The greatest value of prediction markets comes from price. Whether it is the US election, the World Cup winner, or macro policies and corporate events, market prices continue to convey probabilistic judgments about future outcomes to the outside world.
However, the more widely the price is quoted, the higher the importance of its accuracy and credibility. Market prices do not naturally represent the truth, including factors such as informational advantages, liquidity premiums, sentiment fluctuations, capital costs, and trading behavior biases. Therefore, in the future, the industry needs to continue to verify a core question: Are prediction market prices more accurate than traditional surveys, expert predictions, and media opinions?
If prediction markets can prove their stable and verifiable predictive ability in long-term practice, their role will be upgraded from a trading tool to a public information infrastructure. Conversely, if prices are subject to long-term manipulation, sentiment, or insufficient liquidity, their financial value will also be limited.

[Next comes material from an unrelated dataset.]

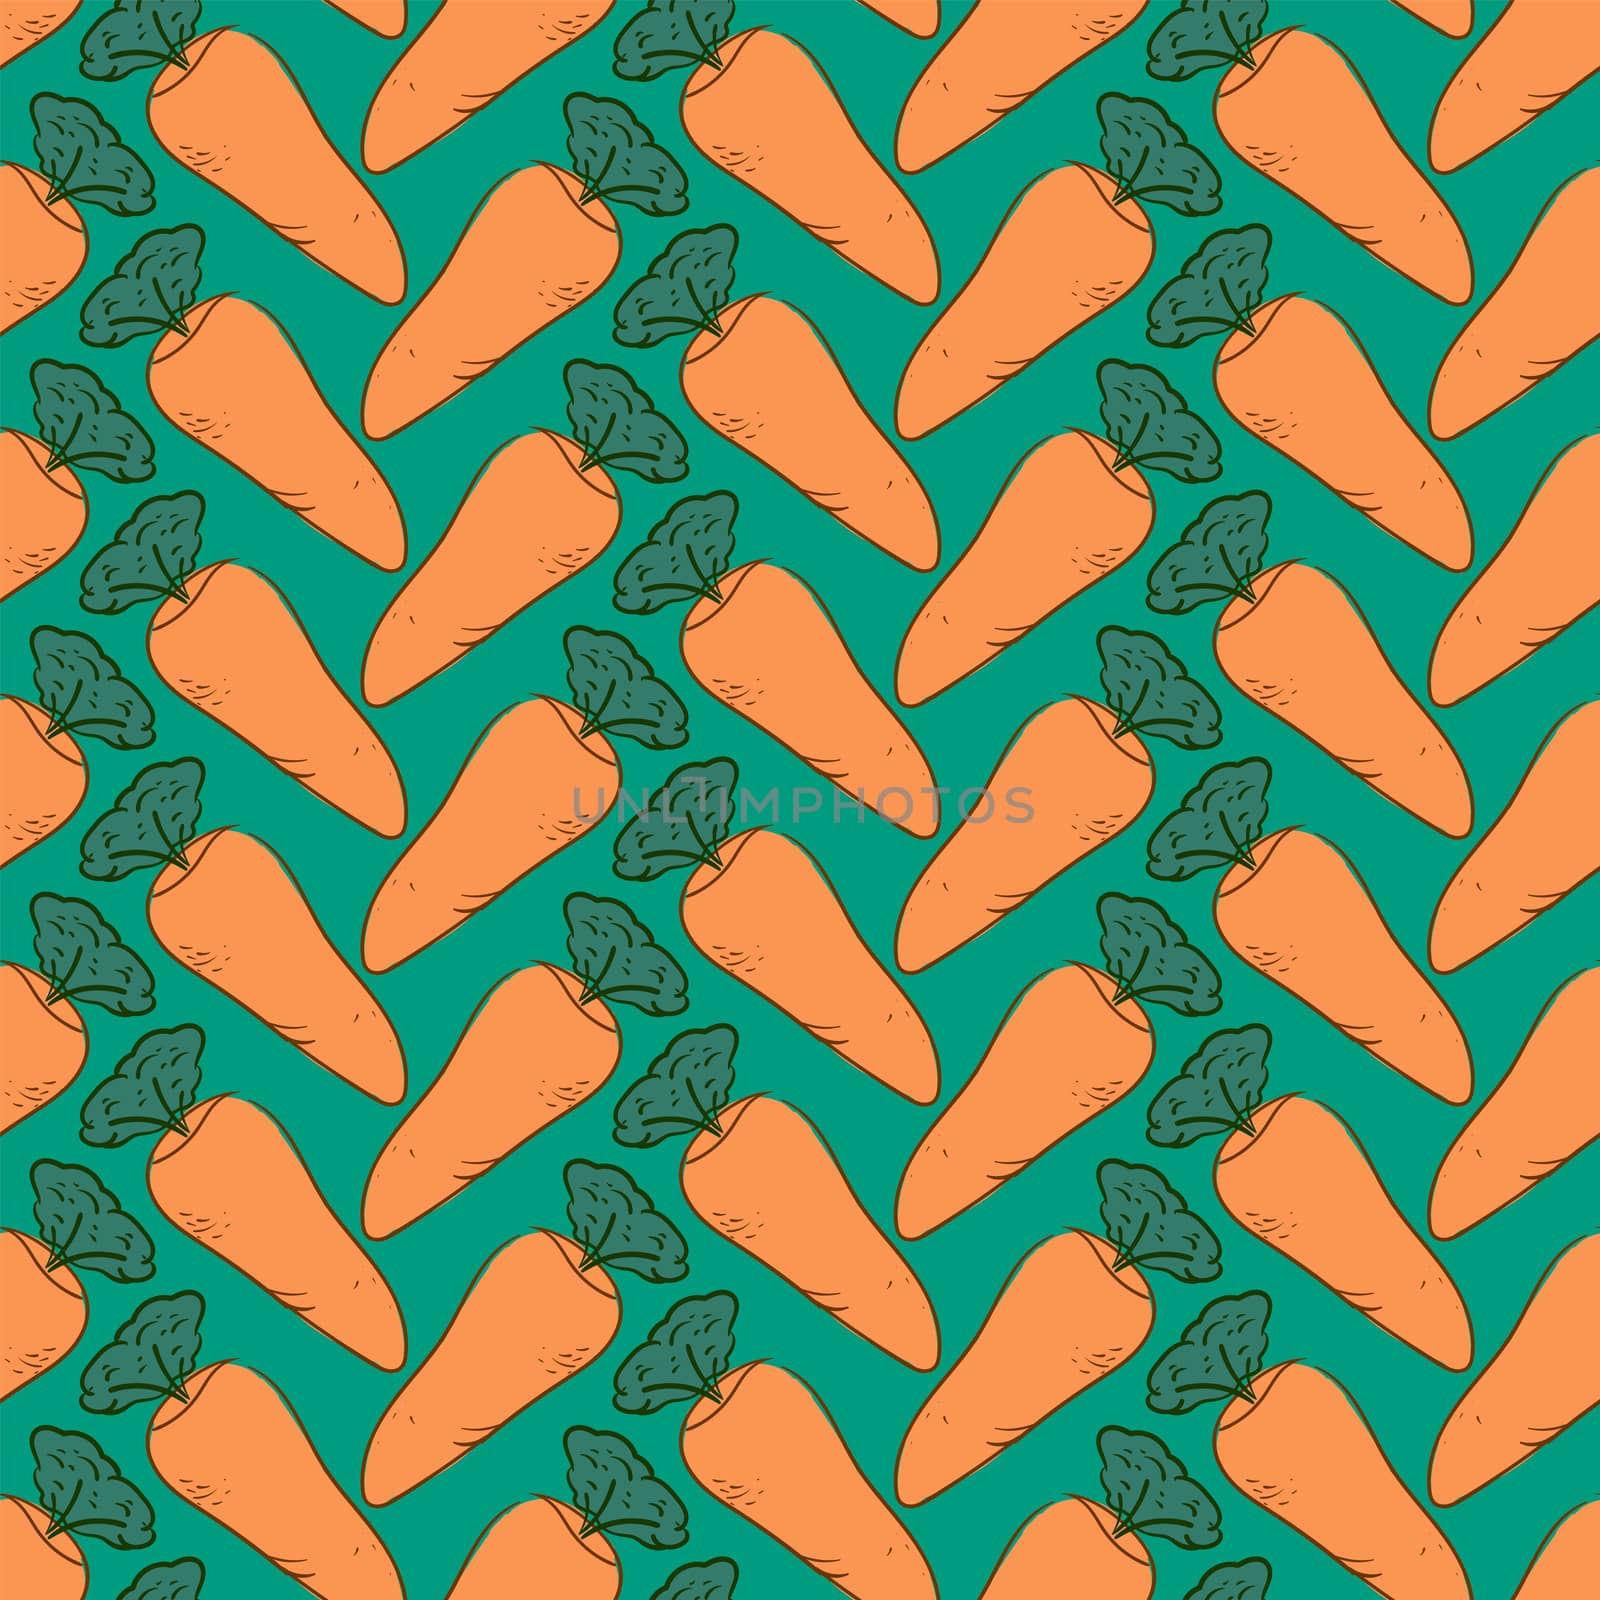 Carrots pattern , illustration, vector on white background by Morphart

5.4 Can Market Integrity Support Mainstream Adoption?

Every financial market ultimately depends on trust. For prediction markets, one of the biggest challenges in the future is not technology, but market governance.
With the continuous influx of institutional funds, platforms need to establish more comprehensive market monitoring, insider-trading surveillance, abnormal account review, conflict of interest disclosure, dispute resolution mechanisms, and user protection mechanisms. Especially in sensitive areas such as politics, regulation, corporate events, and sports events, market integrity will directly determine whether prediction markets can be recognized by regulatory agencies, institutional investors, and mainstream society. Historically, all successful financial markets have gone through a process from rapid expansion to rule governance. Prediction markets cannot bypass this stage either.

5.5 Can Prediction Markets Become a New Financial Infrastructure Layer?

From a longer-term perspective, the greatest long-term opportunity of prediction markets may not lie in the trading itself. The problem prediction markets attempt to solve is the pricing of future-event probabilities. If sufficient liquidity can be established in the future, pricing accuracy can be continuously verified, and regulatory recognition can be obtained, then prediction markets may become a pricing layer for uncertainty in the real world. At that time, prediction markets will provide not only trading opportunities, but also a new way of organizing information and a decision-making framework.
From enterprise strategy formulation to investment decision-making, from macro analysis to public policy discussions, the market-based probability judgments about the future may become an important reference. This is also the fundamental difference between prediction markets and traditional gambling products.

Conclusion

The explosive growth during the World Cup has brought prediction markets into the global spotlight for the first time in the form of a popular product. On the surface, people are trading World Cup winner outcomes, game results, and qualification probabilities; but at a deeper level, the market is really trading judgments about the future.
From Polymarket's liquidity network to Kalshi's compliance-driven approach, from predict.fun's ecosystem expansion to exchanges such as Hotcoin, integrating prediction markets into their existing product suites, the industry is evolving from a crypto-native experimental product into a mainstream financial tool. The World Cup may be just one important milestone in this broader transformation.
In the long run, the value of prediction markets lies not only in providing trading opportunities but also in providing a sustained mechanism for pricing real-world uncertainty. If search engines solve the problem of information discovery, and financial markets solve the problem of asset pricing, then prediction markets attempt to solve the problem of pricing future-event probabilities.